Customers told Microsoft that knowing the planned release date let them plan their spending and upgrades, and it was valuable information even if the date later changed.

Olague acknowledged that the lack of release information made the company’s Software Assurance program less valuable. In Microsoft’s earnings statement earlier this week, CFO John Connors reported that uptake of the SA program was not as good as the company expected.

Microsoft has begun to respond to industry criticism that its products have too many security holes. Olague said the server team had stopped development of new products or services and focused on security. “We now ship with the tightest security,” she said. The current line allows managers to shut down the servers if something untoward happens.

“We still want to build in capabilities to understand and anticipate, rather than react,” she said. In future the Server System may include quarantining and auto-detection of problems, with user-defined actions in response. Despite its newfound security emphasis, she said that Microsoft will continue to rely on third-party developers to handle anti-virus software and updates.

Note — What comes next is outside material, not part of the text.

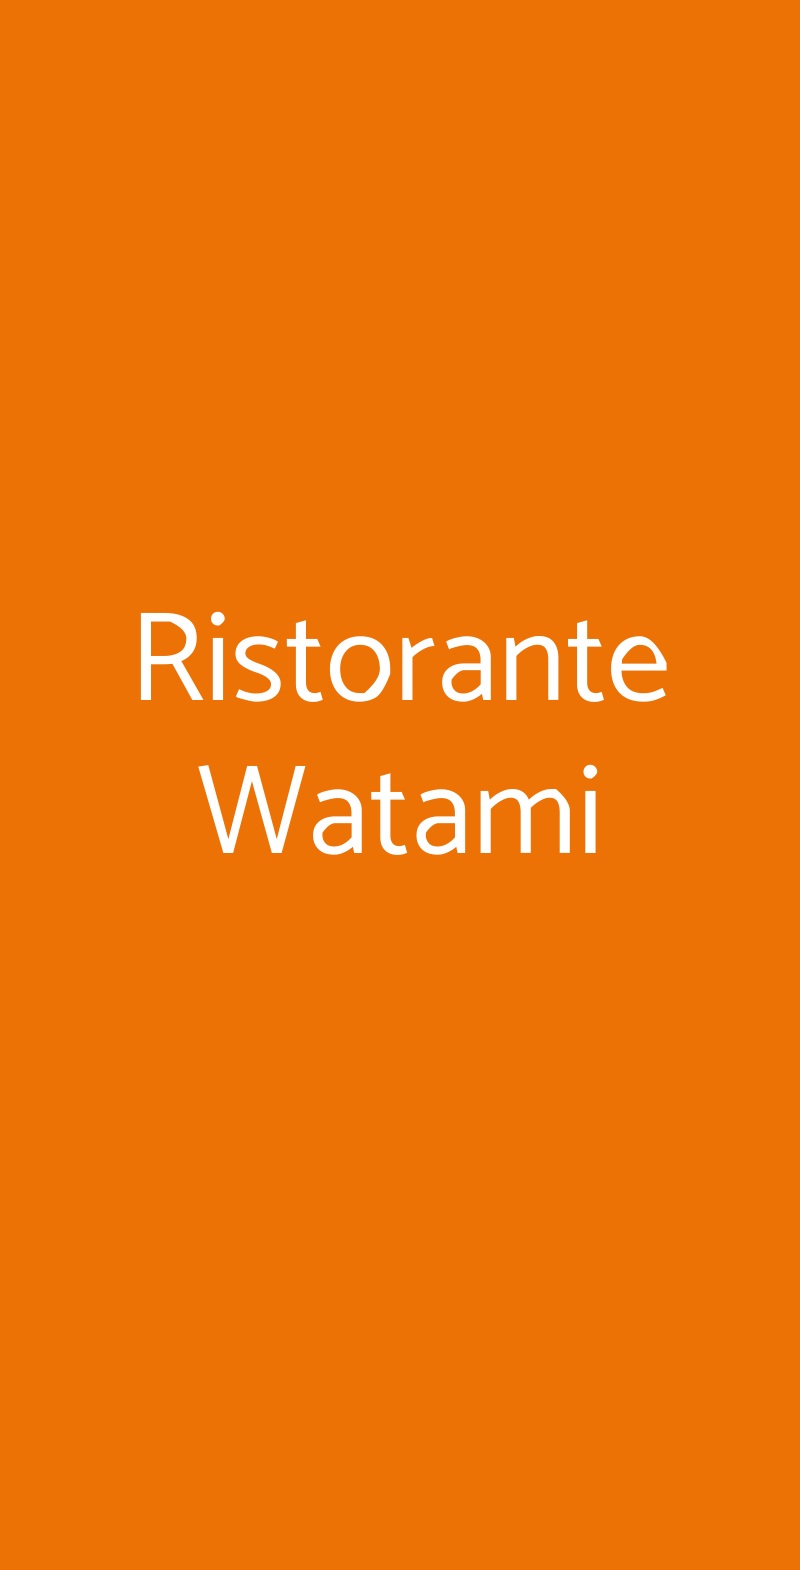 Ristorante Watami Rovereto menù 1 pagina
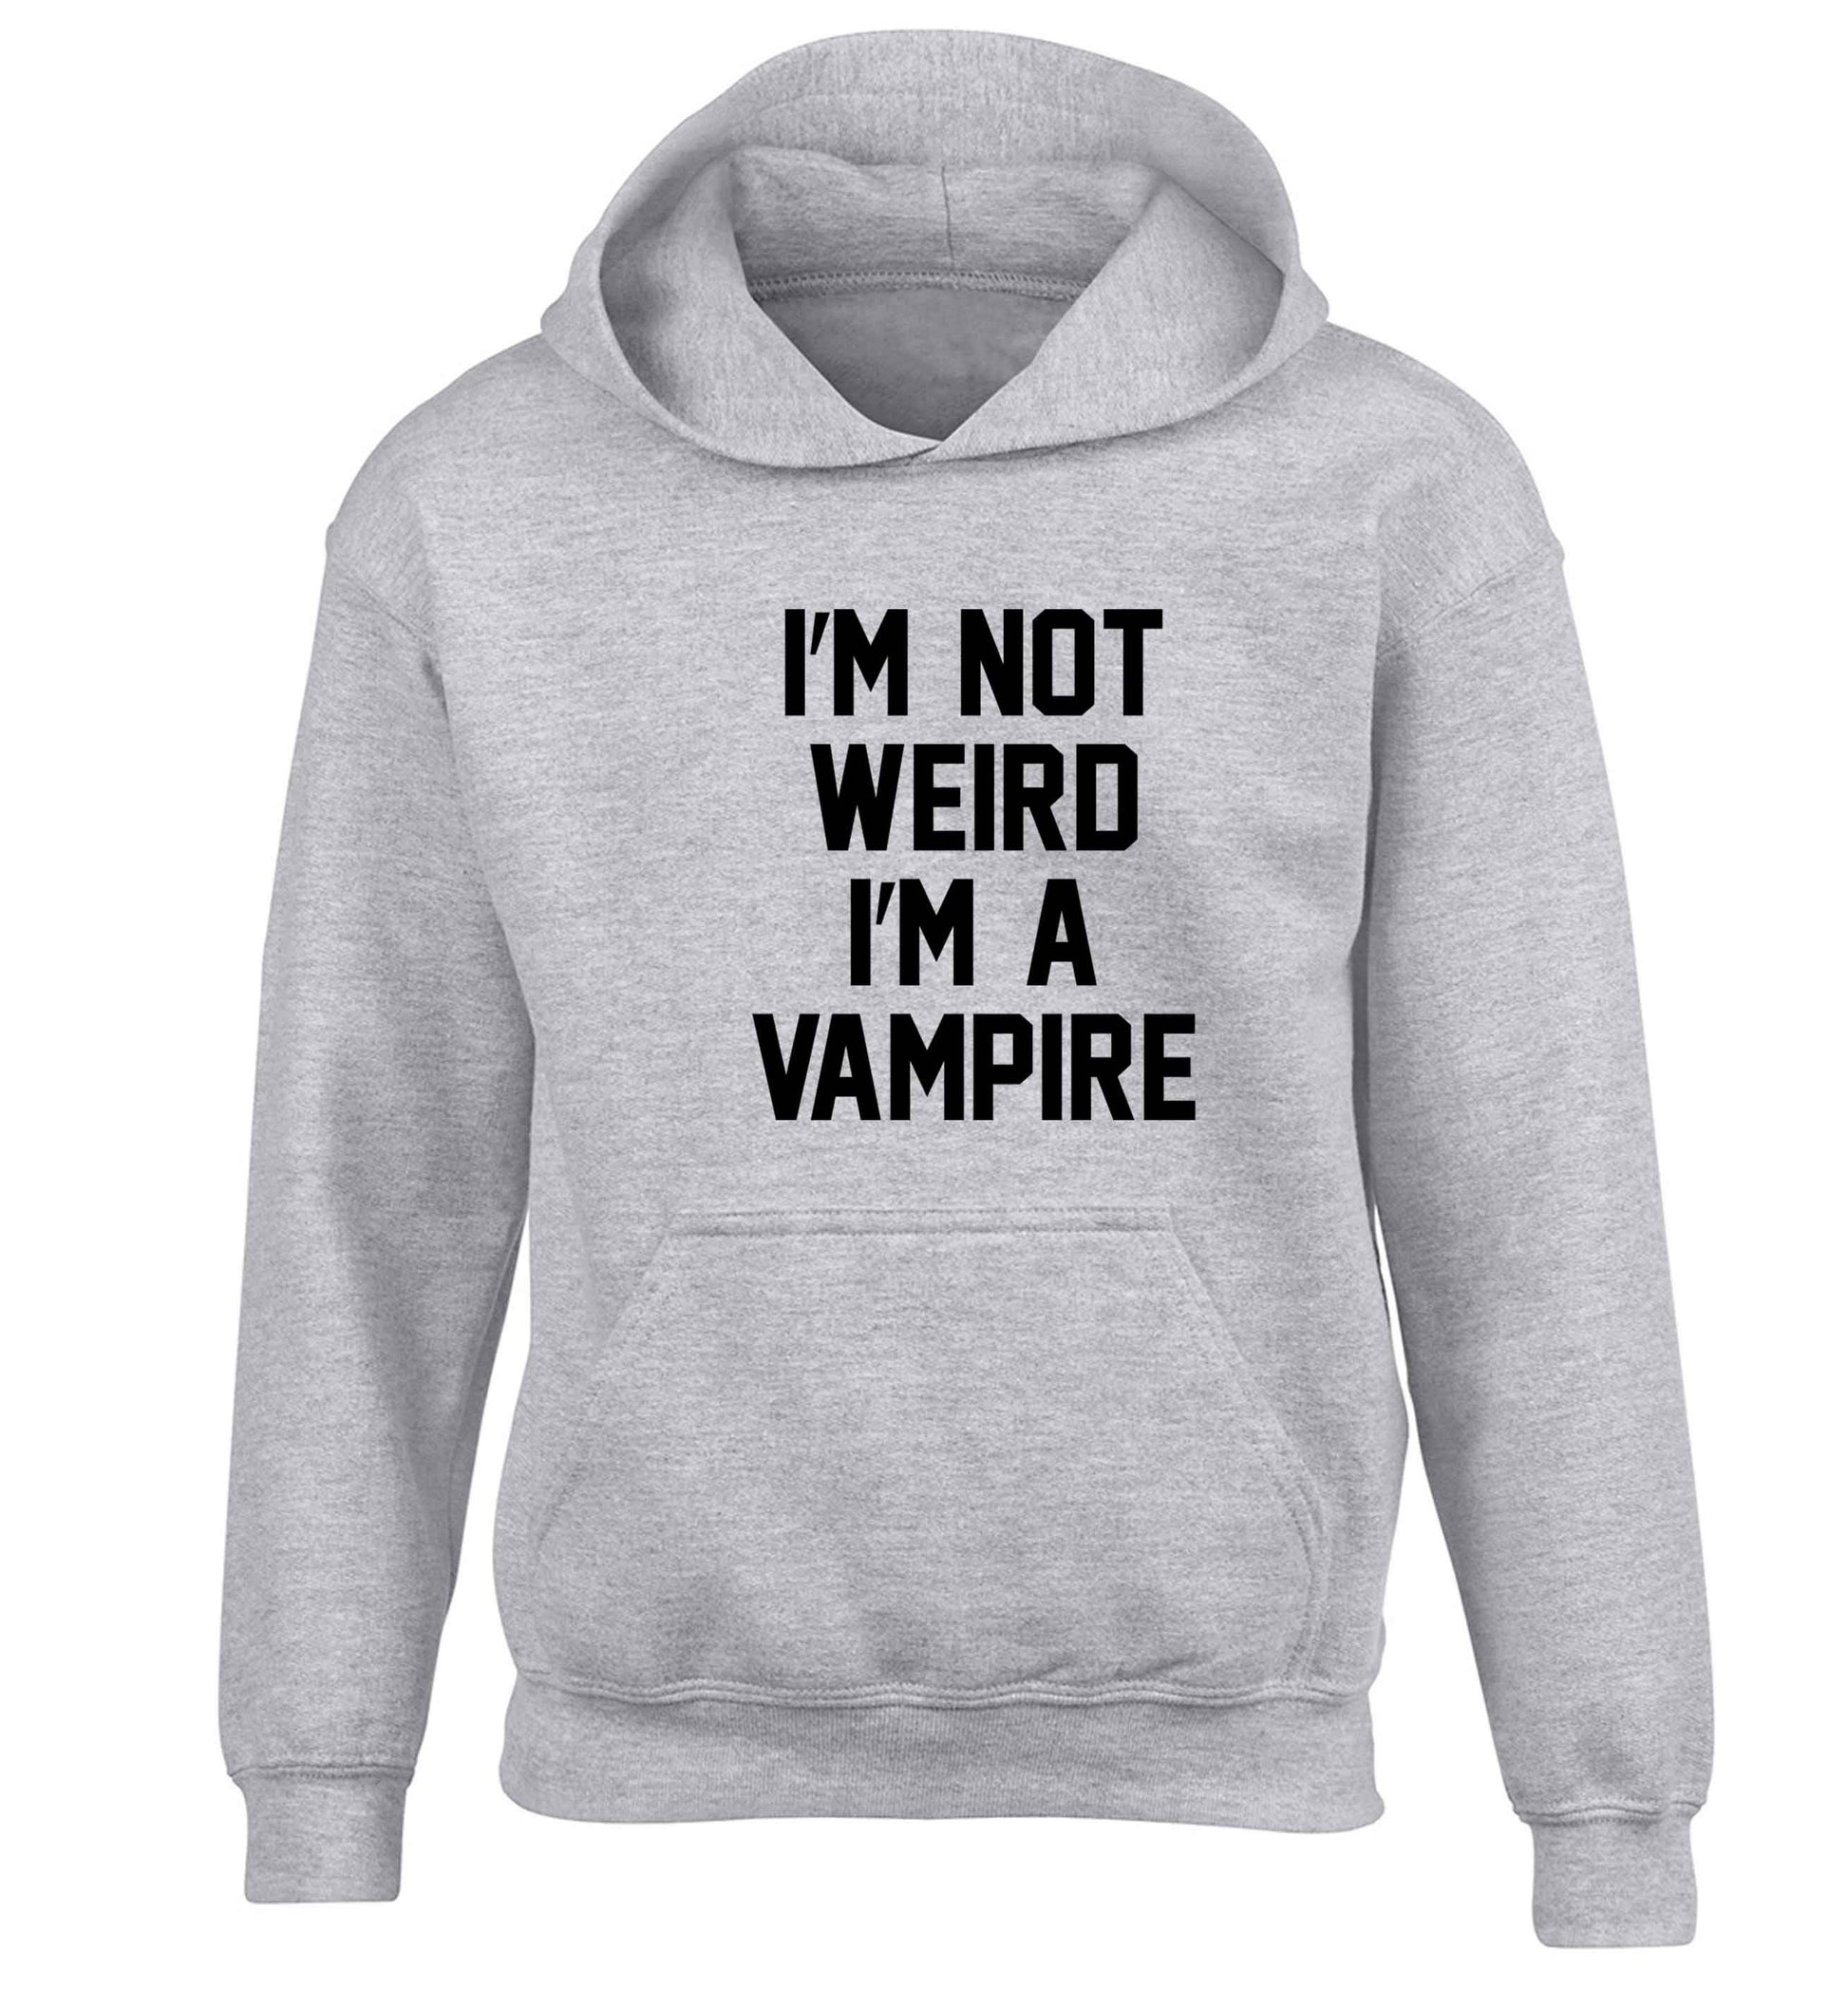 I'm not weird I'm a vampire children's grey hoodie 12-13 Years

Two years in the making, Windows Server System is part of Microsoft’s “integrated innovation” vision. It integrates with VisualStudio .NET, so that developers can use the authoring tool to write server software.

“We’re taking the best of what we’ve done with BizTalk Server and BizTalk Orchestration and baking it into the server infrastructure,” Olague said. BizTalk Orchestration is a high-level development tool for melding disparate applications into Web services.

Microsoft said it hopes that the ad campaign launching next week will send the message that servers are part of the company’s core technology strategy. The campaign features four customers: Siemens, Toyota, Motorola and Reuters. Reuters built a development platform called Reuters Architecture for product integration and Delivery (RAPID) on the server platform; it will use RAPID to create high-value information services.

“We built a lot of functionality into the platform,” said Bill Evjen, Reuters technical director, “so the products themselves could be thinner, and we could build them faster.”

Olague ended the presentation by reiterating Microsoft’s integration goals. She told the audience that, while the configuration of dynamic systems isn’t an easy thing, “It’s front and center of what we think about.”